Eventually Marv started gathering experts to work on every aspect of Todd's physical condition—speed, agility, strength, flexibility, quickness, body control, endurance, nutrition. He found one to improve Todd's peripheral vision. He enlisted a throwing coach and a motion coach and a psychologist. These days 13 different experts are donating their time in the name of science.

Tom House , the pitching coach for the Texas Rangers and a computer whiz, has analyzed Todd's form and found that while his balance is perfect, his arm is 4.53 inches too low throughout his delivery. Todd, who listens to everyone, is working on it.
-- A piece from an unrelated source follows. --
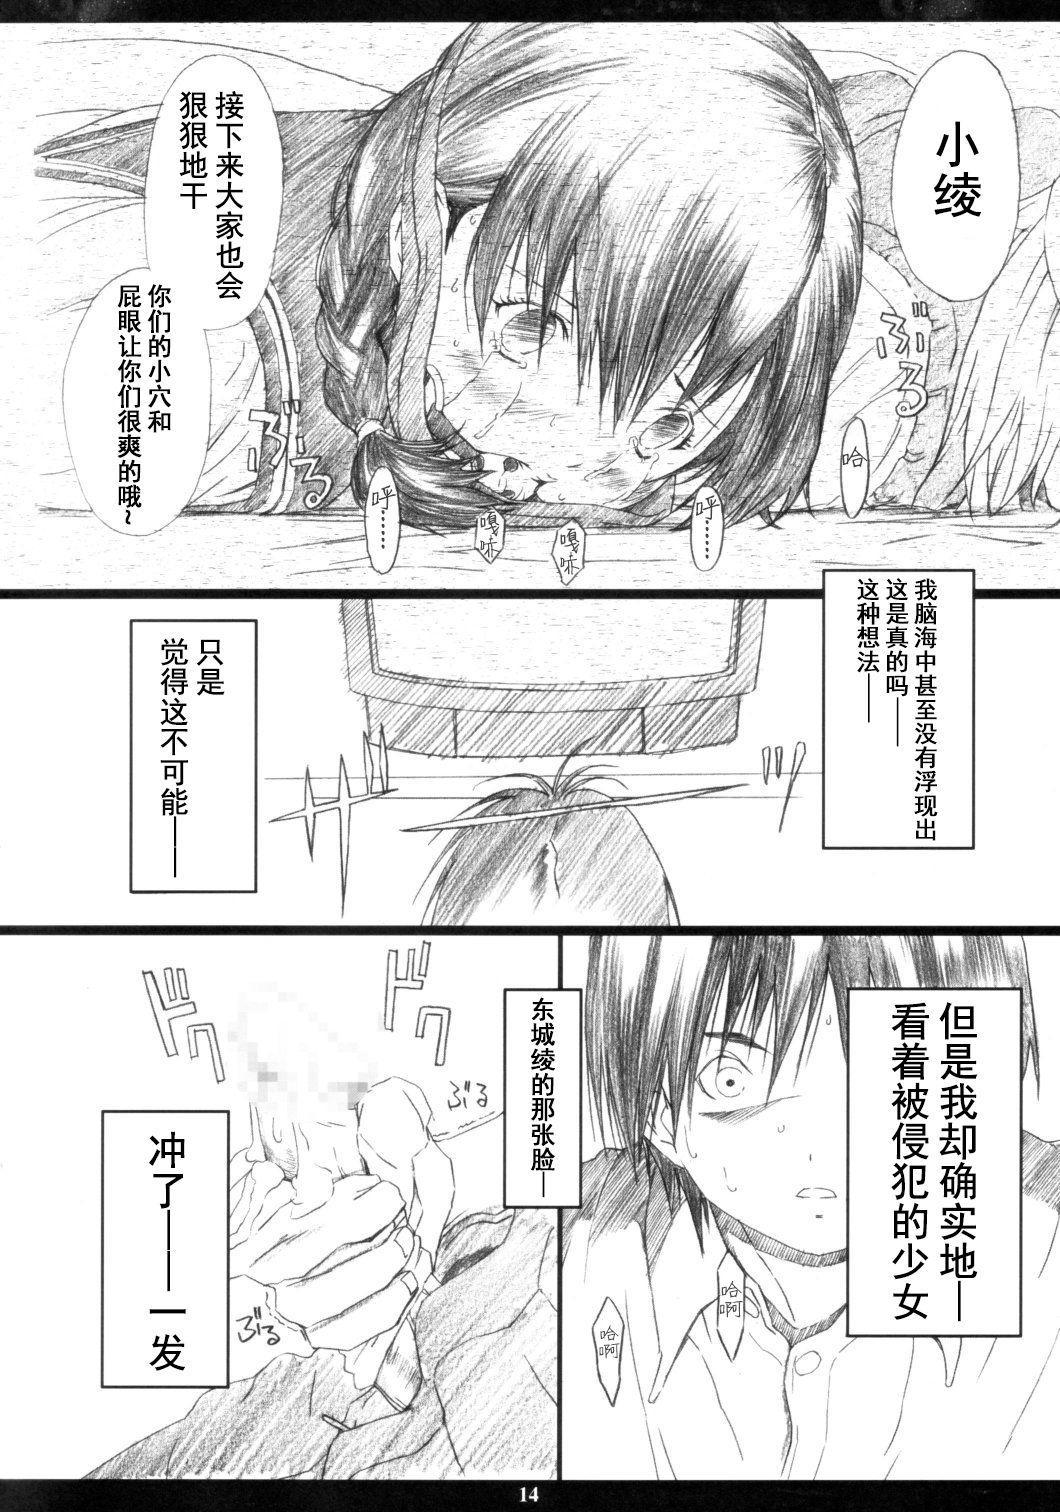 Ichigo MAX% 12

This Team Marinovich is the creation of Marv, who was a two-way lineman and a captain at USC in 1962, a marginal pro in the AFL with the Raiders and a sometime assistant coach for the Raiders , the Rams , the Cardinals and the Hawaiians of the defunct WFL.

Though Marv owns an athletic research center—a sort of high-tech gym—his true occupation has been the development of his son, an enterprise that has yet to produce a monetary dividend. And the Marinovich marriage ended last year after 24 years. "All Marv has done," says a friend, "is give up his entire life for Todd."